TCP connection tracking app

Single-AZ NAT - the initial state 1️⃣

On the diagram below you should see the VPC setup I have created for the application. As mentioned previously, the transmitters will run in private subnets and be scaled on ECS Fargate. Their outbound connectivity will be provided by a single-zone NAT Gateway with static Elastic IP that will be allowed on receiver's security group. In another VPC the receiver that is exposed to the public Internet, also with static Elastic IP, will listen for incoming connections, send ACKs, and track interrupted connections and packets lost. I also assume that the receiver is not just a public facing service but requires some kind of allowlist for the CIDRs that can access it.

Single-AZ NAT infrastructure

A metric scraping application and dashboard will use a different HTTP port and a separate path to be independent from the NAT and the TCP flow. It will have a static Elastic IP to be easily allowed into receiver's security group and skip the NAT for Internet connectivity. As it resides in the same VPC as the transmitters, access to private subnet is straightforward.

Creating the infrastructure 🧱

Based on how I structured the project, I need to build individual components in a specific order, so that OpenTofu doesn't complain about the unknowns in the graph. First I create Elastic IPs as they will be needed in the for_each block in the security group. Next I want to create just the receiver - it should be ready before the transmitters so that no connections are unnecessarily failed. Next is the time for the transmitters, the dashboard and rest of the VPC.

tofu init
tofu apply -target aws_eip.dashboard
tofu apply -target aws_eip.nat
tofu apply -target module.receiver
tofu apply -target module.transmitter
tofu apply

The most important parts of our setup that we should focus on are the Elastic IP of the NAT Gateway, the NAT Gateway itself and the route tables of the private subnets. I will list them below so that you can take a look how they are currently structured.

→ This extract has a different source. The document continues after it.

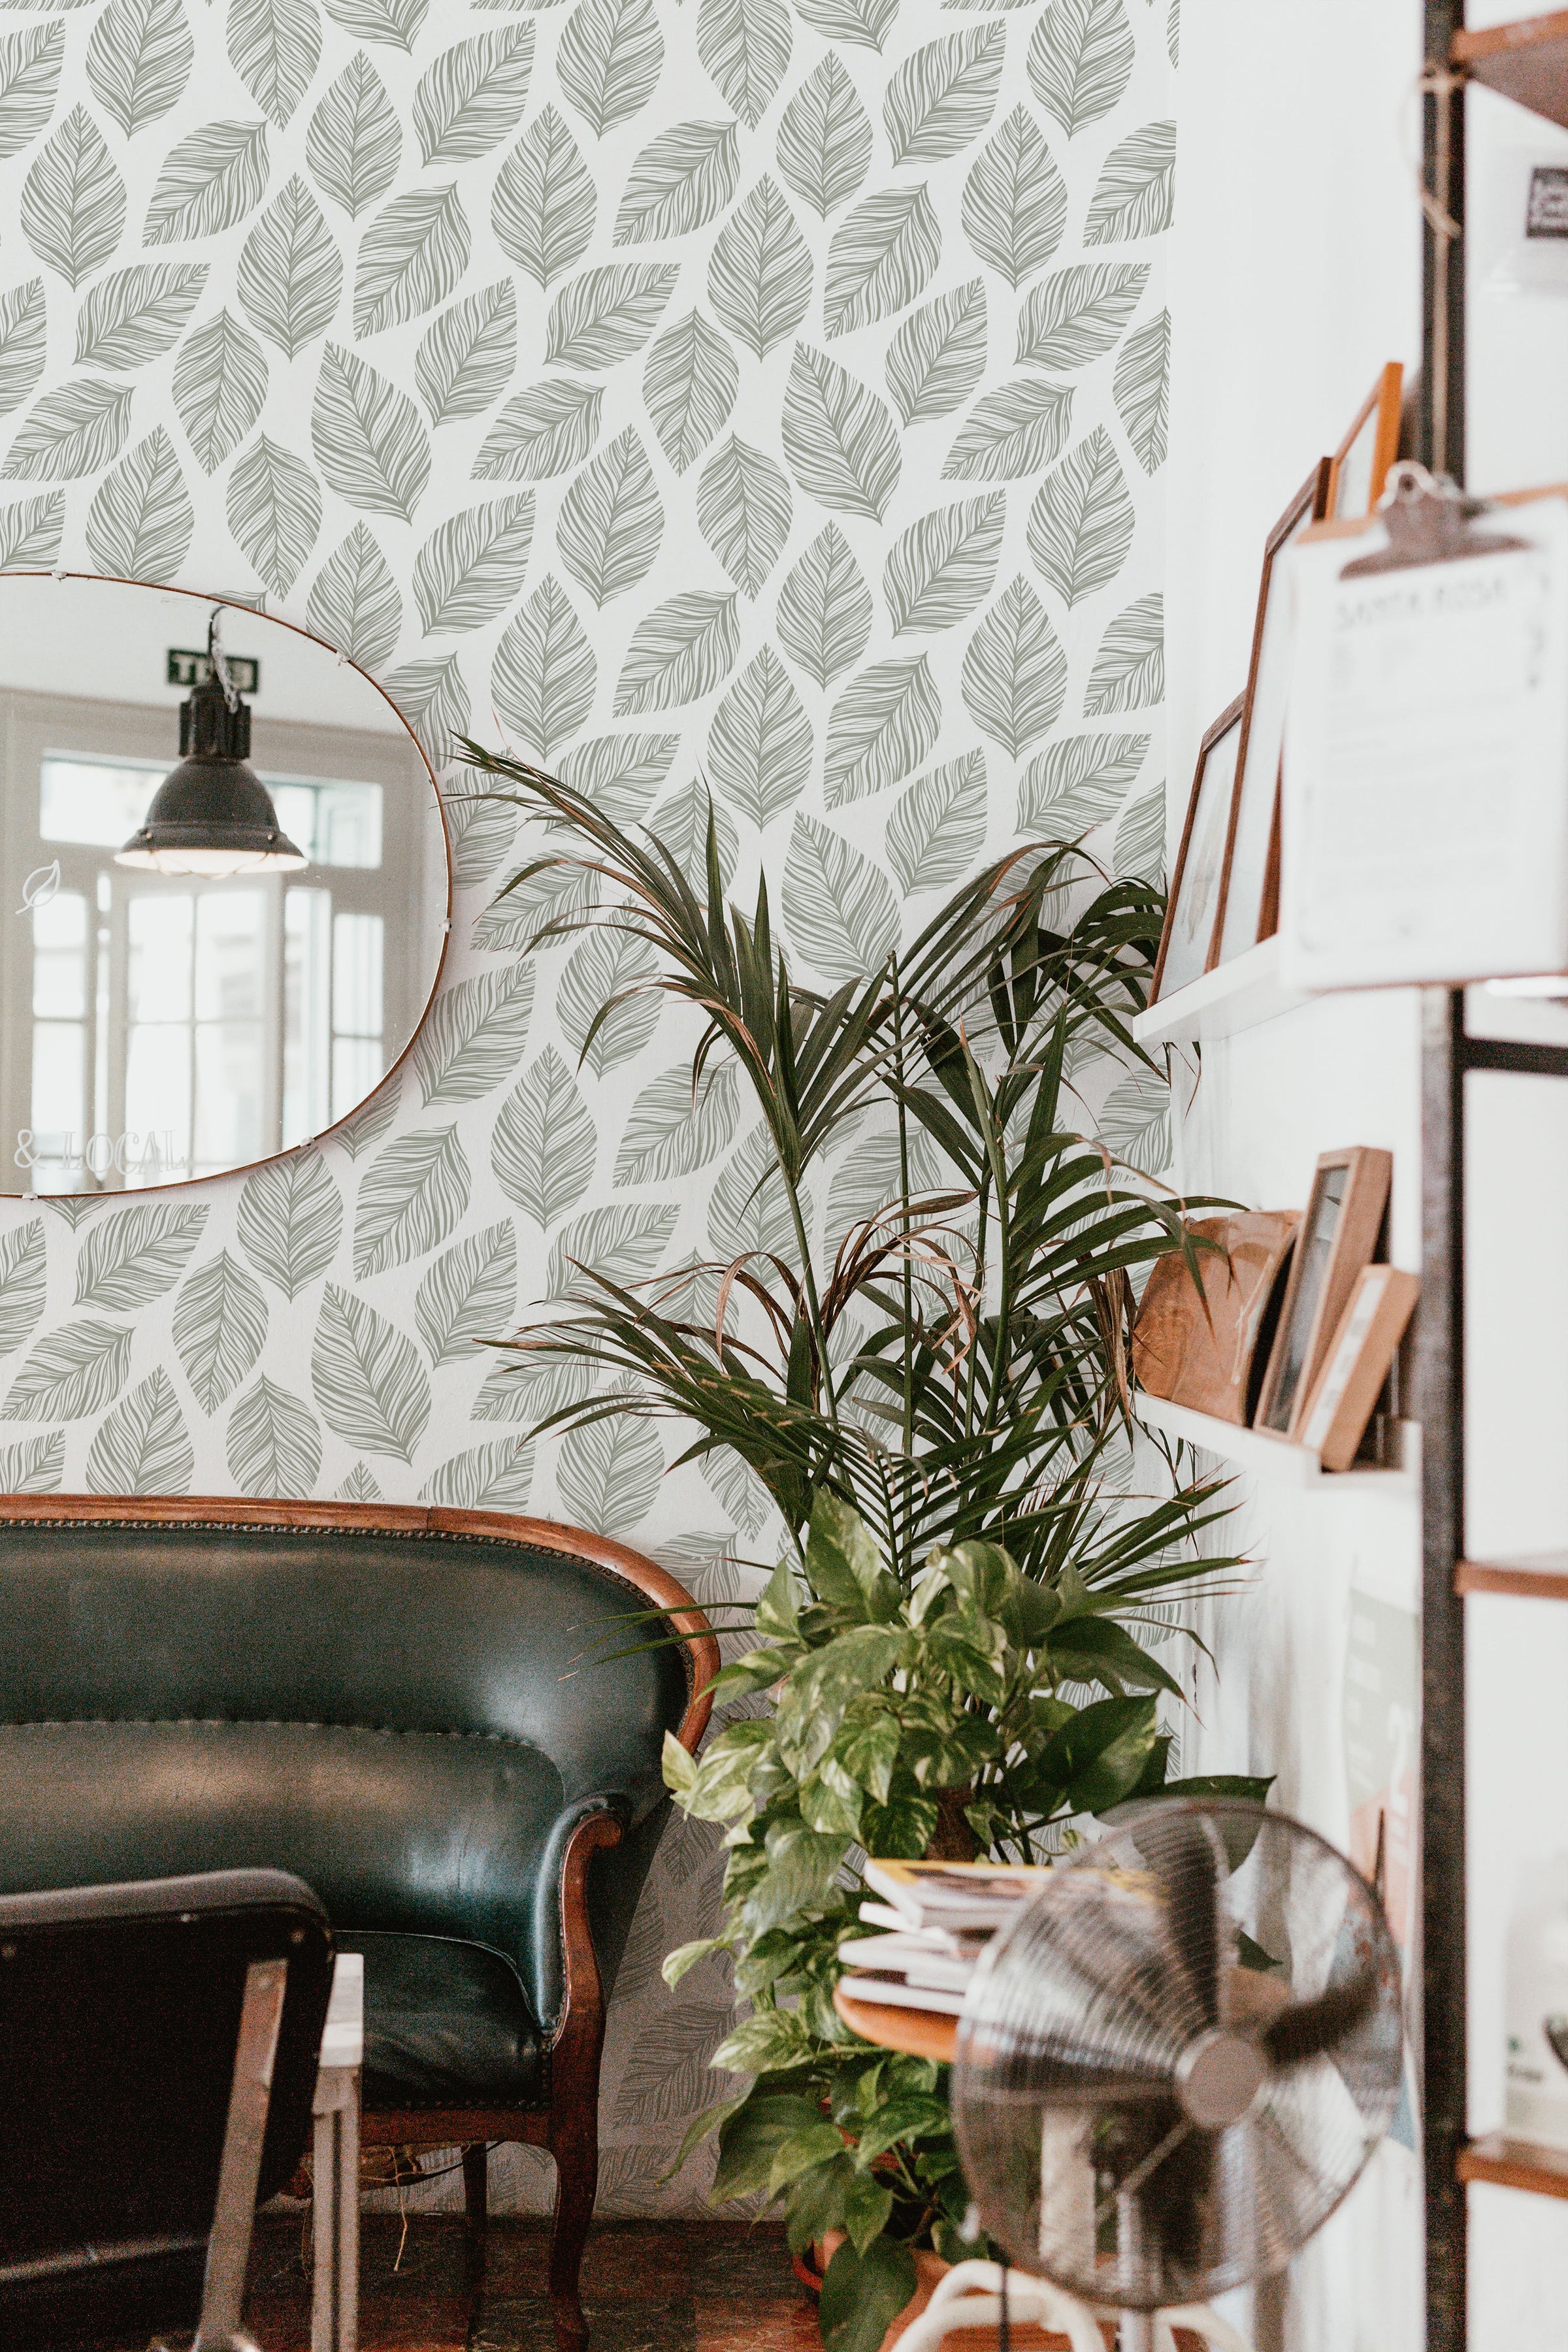 cozy corner of a cafe decorated with Leafy Wallpaper that showcases a clean and serene arrangement of leaf designs in grey on white. The natural theme is complemented by a vintage leather sofa and a vibrant potted plant, creating a welcoming atmosphere.

resource "aws_eip" "nat" {
  domain = "vpc"
  tags   = { Name = "NAT-IP-eu-west-1a" }
}

resource "aws_nat_gateway" "main" {
  allocation_id = aws_eip.nat.id
  subnet_id     = aws_subnet.public[0].id
  tags          = { Name = "NAT-eu-west-1a" }
}

// We define one route table for private subnets that just goes to the single NAT Gateway
resource "aws_route_table" "private" {
  vpc_id = aws_vpc.main.id
  tags   = { Name = "RTB-Private" }
  route {
    cidr_block     = "0.0.0.0/0"
    nat_gateway_id = aws_nat_gateway.main.id
  }
}

// We associate this single route table with all three subnets in 3 AZs
resource "aws_route_table_association" "private" {
  count = local.subnet_count

  subnet_id      = aws_subnet.private[count.index].id
  route_table_id = aws_route_table.private.id
}

Startup script of the dashboard has a script to get all the tasks in the ECS Service and pass them further as a list. The dashboard queries each individual ECS task for metrics. After a while, I took a screenshot of the current state where no infra was touched. As you can see, there are still some packets lost - this is the nature of the Internet.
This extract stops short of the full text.